On Tuesday, Sterne Agee upgraded O'Reilly Automotive Inc ORLY to Buy from Neutral rating with a price target of $300. The firm sees O'Reilly's nearly 15 percent shares pullback from early November's highs as an "attractive" entry point.
"The auto aftermarket is well positioned for another strong year in 2016, a function of strong industry fundamentals, macro drivers, vehicle fleet dynamics and further consolidation," the firm commented.
"ORLY offers consistent share gains, expanding margins, organic growth opportunities, and significant financial flexibility for accretive M&A and increased buybacks."
'Defensive, Counter-Cyclical'
Sterne Agee believes that O'Reilly is the "best operator" in a defensive retail sub-sector.

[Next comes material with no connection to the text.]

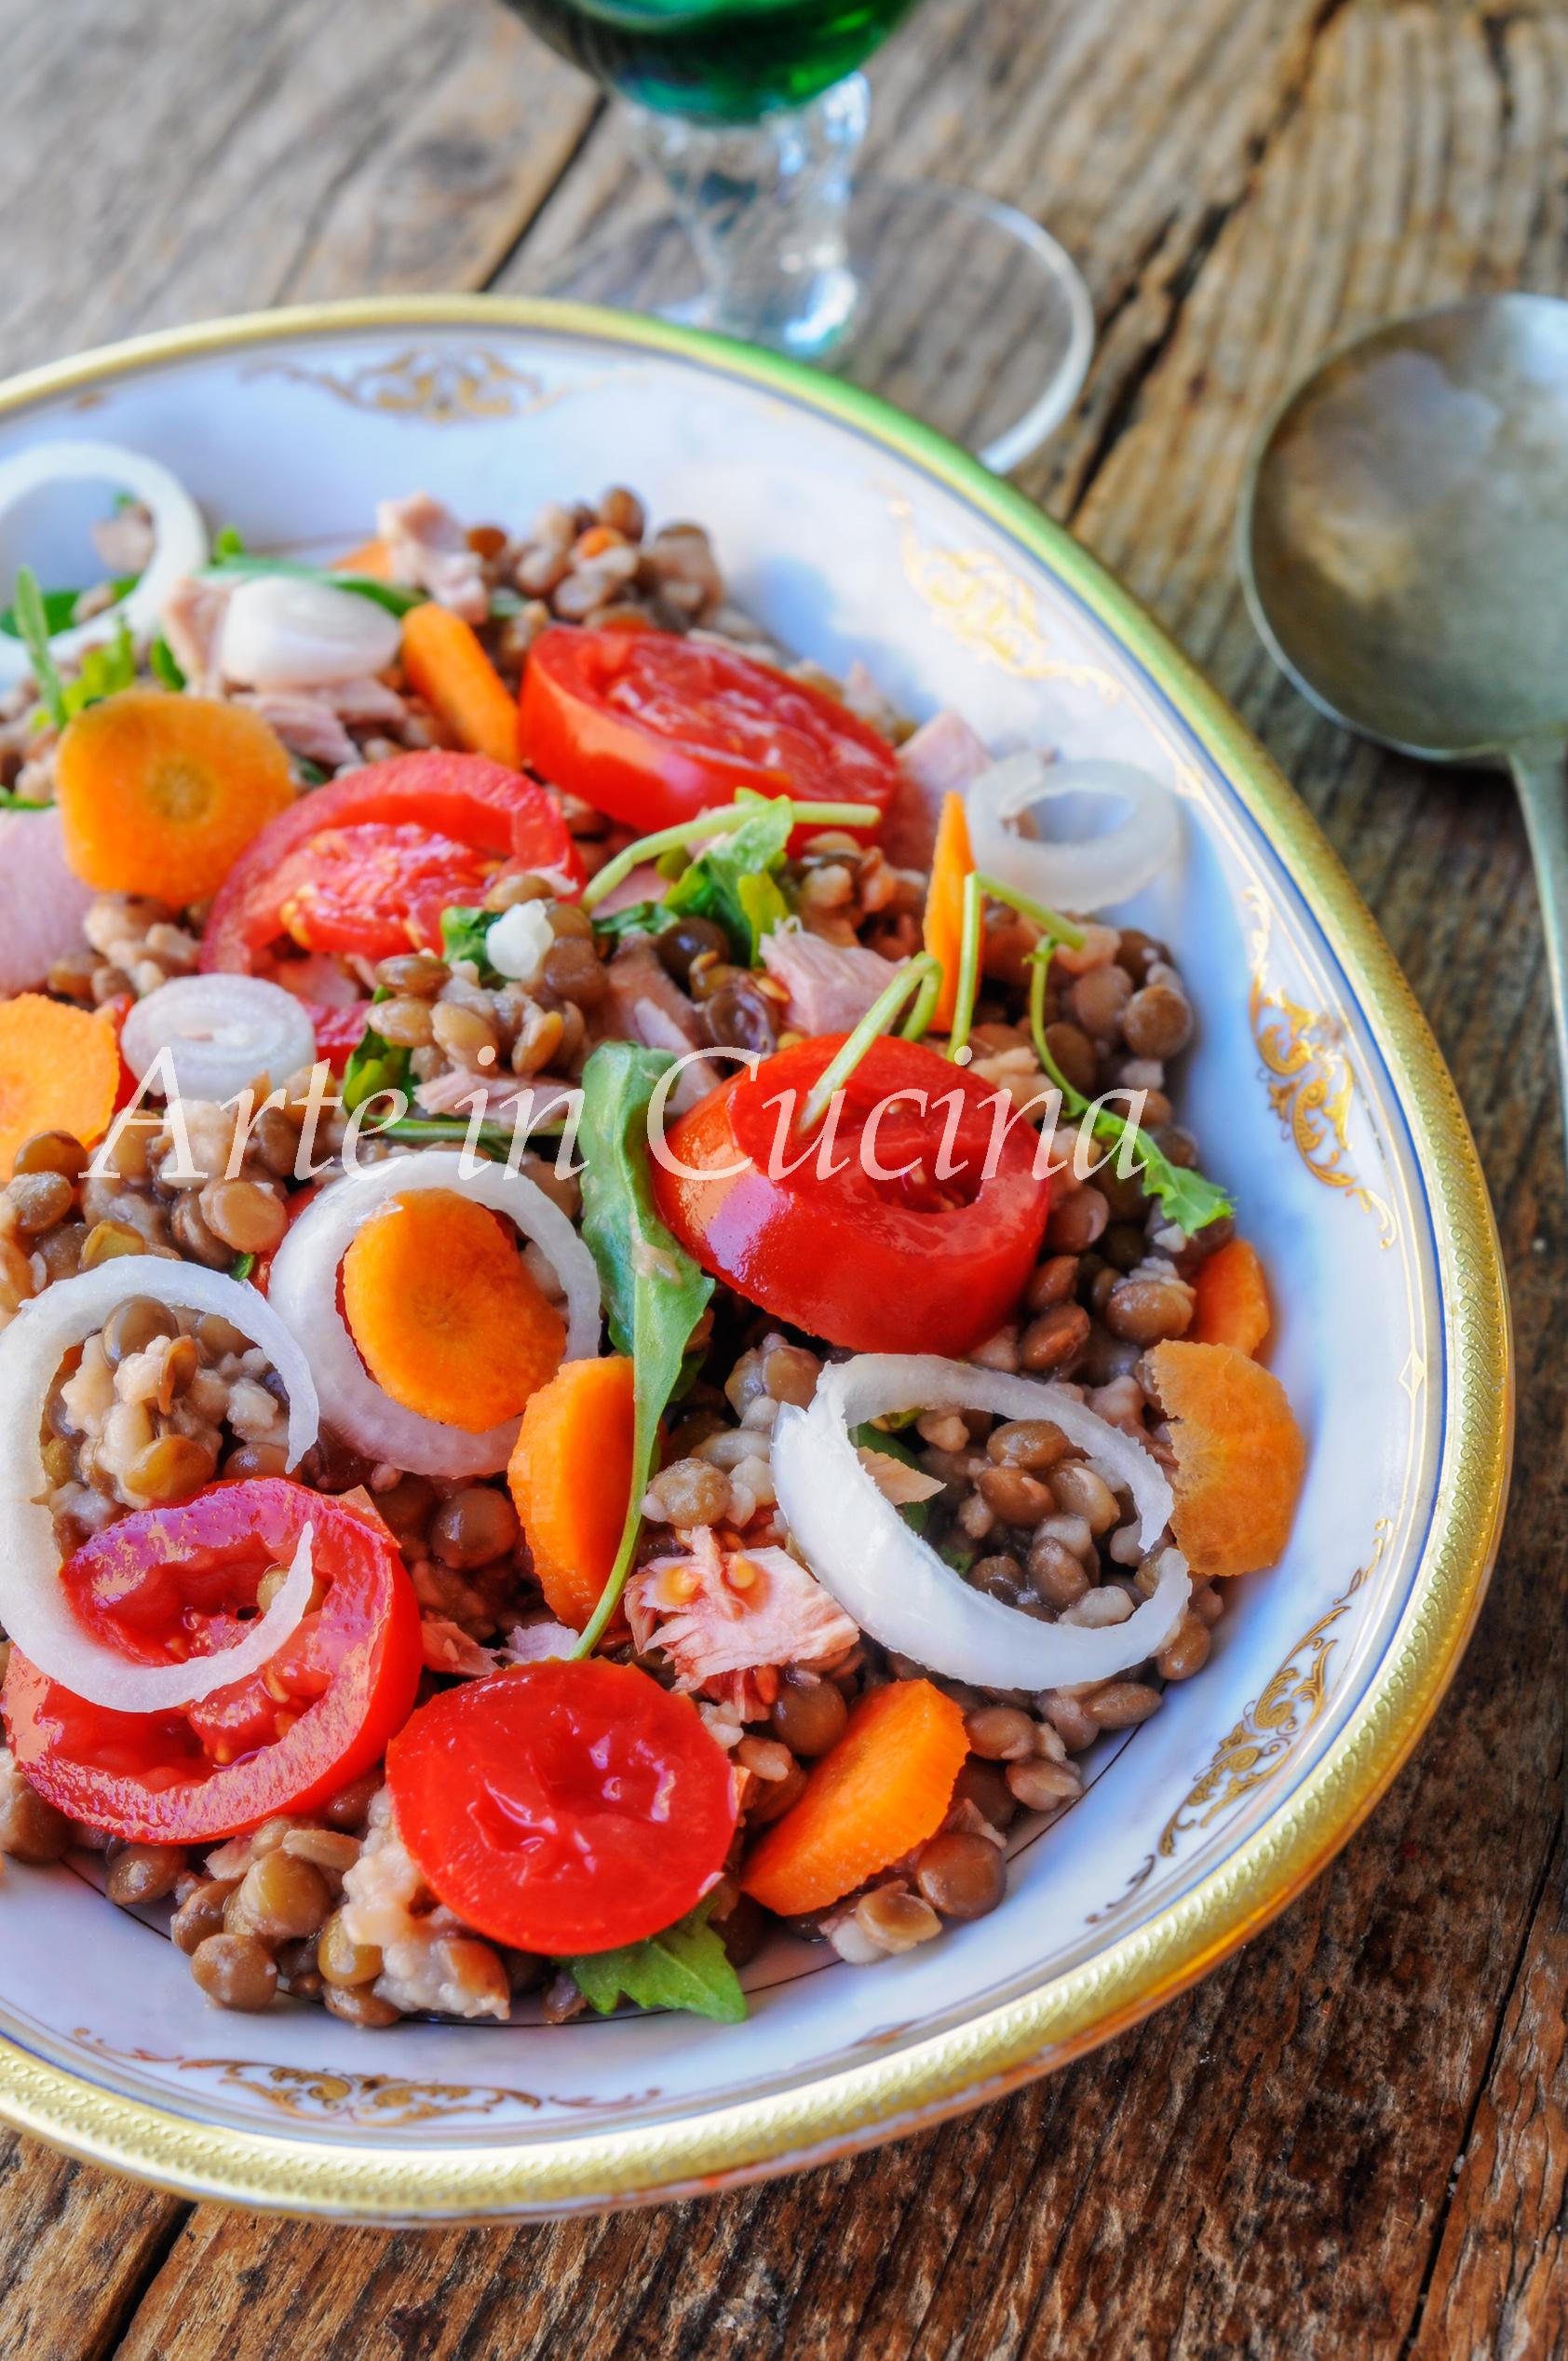 Insalata di lenticchie ricetta facile veloce leggera vickyart arte in cucina
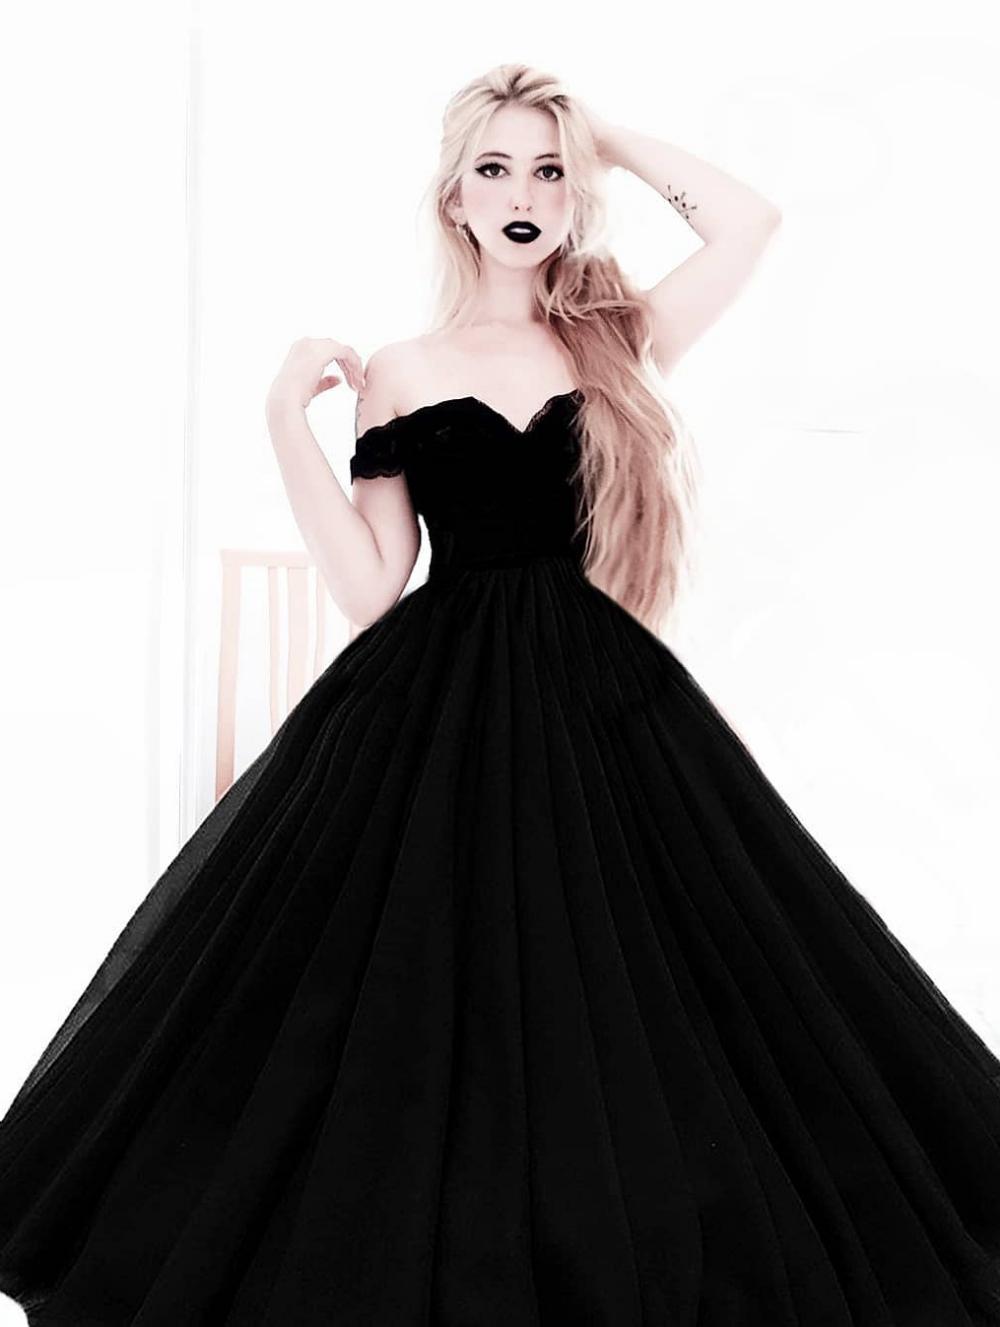 Black Gothic Princess Ball Gown Wedding Dress 2020 Siyah Gelinlik Balo Elbisesi Alternatif Gelinlik

During recessionary periods, the firm noted that the auto aftermarket retail stocks tend to outperform. For O'Reilly investors, Sterne Agee indicated that the stock "specifically" outperformed the S&P 500 and hardlines retail by 38 percent and 20 percent, respectively, during the same period.
"The auto aftermarket retailers operate in a mild competitive environment that is largely protected from threats of e-commerce and warehouse clubs due to a emphasis within its customer base on service and parts availability, with price being secondary," the firm also commented.
O'Reilly EPS value is presently at $8.75, and the stock was, at the time of this publication, seen trading up 1.89 percent at $248.50.